CHE RAPPORTO AVEVA TUO PADRE CON IL TERRITORIO DI ORIGINE, IN PARTICOLARE MEZZANO?
Frequentava ambienti internazionali, viaggiava e si spostava ma è sempre rimasto “medanèsc” e di Mezzano ha dipinto scorci, tetti, angoli e particolari: era il suo mondo e tale è sempre rimasto. Era legatissimo al paese pur amando il mare della Costa Azzurra.
COSA TI HA LASCIATO TUO PADRE COME IDEALI, VALORI, EREDITÀ MORALE?
Sicuramente l’onestà. Nella sua vita non ha mai approfittato di un solo centesimo, il denaro non lo interessava e forse questo è anche un limite nel mondo di oggi; alle questioni materiali, per cui nutriva un totale disinteresse, preferiva gli aspetti spirituali e il culto estetico riferiti all’arte. Una sua passione, che non conciliava affatto con l’indifferenza per i soldi, era il buon cibo, andava pazzo per il pesce, e mia mamma, anche lei grande estimatrice della gastronomia e a sua volta cuoca eccellente, scherza sempre dicendo: “il casinò di tuo papà, i ristoranti!”. Oltre a questi aspetti in cui potrei ri-
I luoghi dell’anima
conoscermi, mi ha lasciato un’abitudine e attenzione all’estetica: sento subito se una cosa mi disturba o genera apprezzamento perché “funziona”. È una sensibilità strettamente mia, allenata e incrementata dalla vicinanza di mio padre che progettava e disegnava qualsiasi cosa, voleva sempre migliorare e reinventare.
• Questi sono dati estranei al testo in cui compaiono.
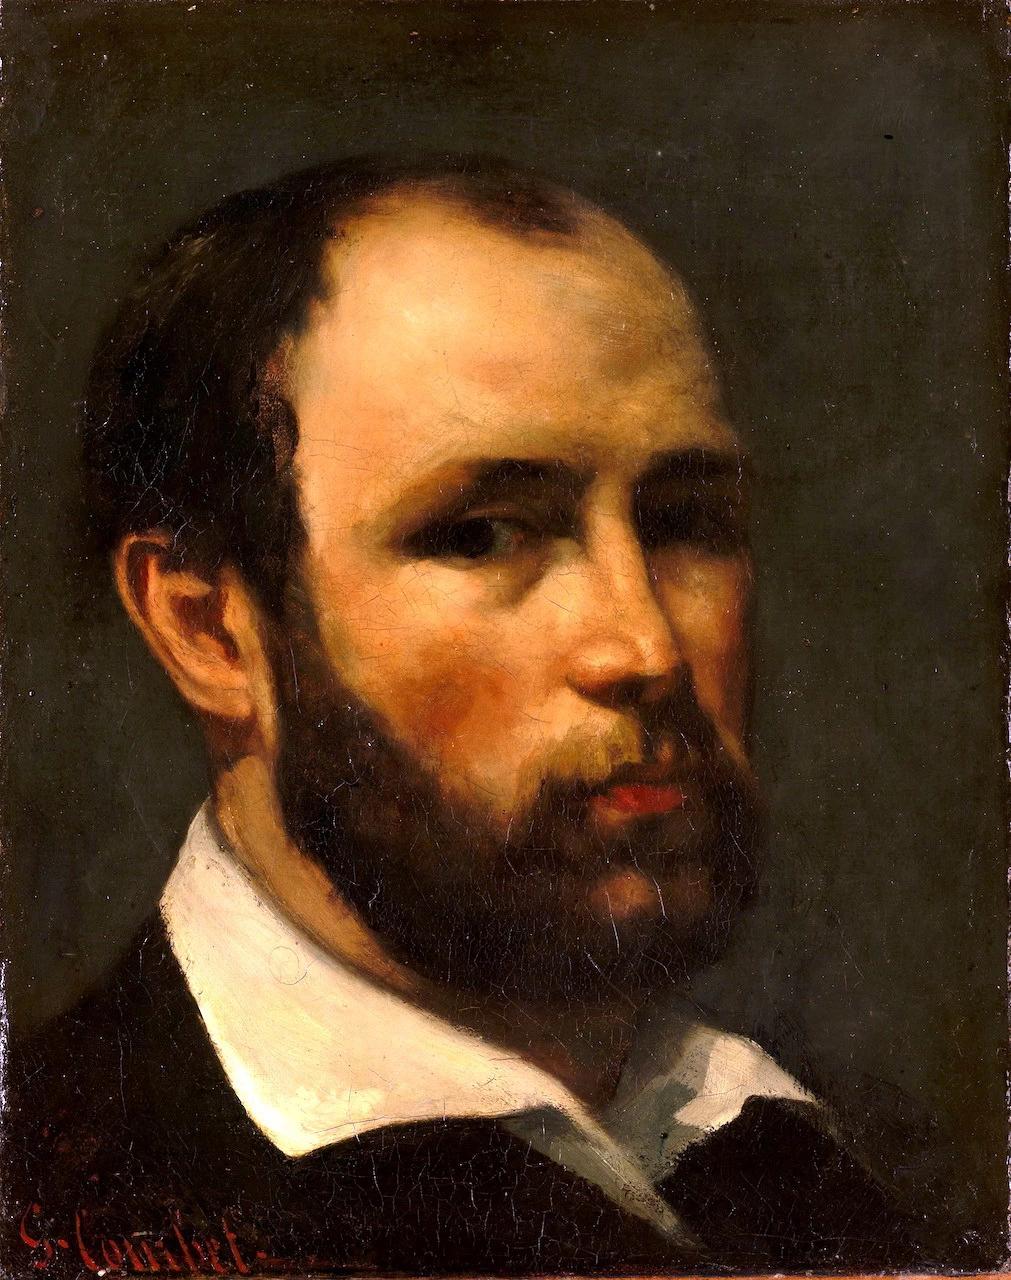   260-Ritratto di un uomo-Metropolitan Museum of Art-New York

Credo non fosse mai soddisfatto totalmente: a differenza degli affreschi che dipingeva di getto senza interruzioni, con i quadri non era così. Alcuni rimanevano incompiuti, altri venivano cancellati e ridipinti. I quadri - sosteneva mio padre - non dovrebbero essere spiegati ma affidati alla sensibilità e all’interpretazione dello spettatore; non esistono opere “belle” o “brutte” bensì “buone” o “non buone”. Una prospettiva che io ho recepito da lui.
La Valle di Primiero ha voluto ricordare Riccardo Schweizer (1925-2004) con la Mostra “I luoghi dell’anima”, inaugurata lo scorso il 25 giugno a Mezzano presso il punto informativo e il 22 luglio allo storico Palazzo Scopoli di Tonadico. Un progetto diffuso che ha visto impegnate le due Amministrazioni comunali interessate, la Comunità di Primiero e l’Assessorato alla Cultura della Provincia Autonoma di Trento, in un’iniziativa che rende pieno merito alla figura di Schweizer, evidenziandone la creatività, l’eclettismo, l’originalità, la capacità comunicativa che le sue opere esprimono. Curatrice della mostra, la figlia dell’artista, Barbara Schweizer e curatrice della guida sull’artista, Chiara Lucian. Ospite d’eccezione, Massimo Martignoni, storico e critico d’arte, specializzato in architettura moderna e design, docente della Nuova Accademia di belle Arti di Milano, che ha dedicato la sua conferenza all’arte di Riccardo Schweizer nel mondo del design della ceramica. La scelta di impostare l’esposizione sull’aspetto emozionale piuttosto che esclusivamente antologico, conduce intenzionalmente a conoscere “un grande artista e un grande primierotto” nei diversi aspetti, attraverso dipinti, progetti di design, ceramiche, sculture e materiale biografico, rendendolo testimone del patrimonio culturale, la ricchezza creativa, la capacità di esprimersi a livello internazionale che anche i piccoli territori sanno raggiungere. [L.C.]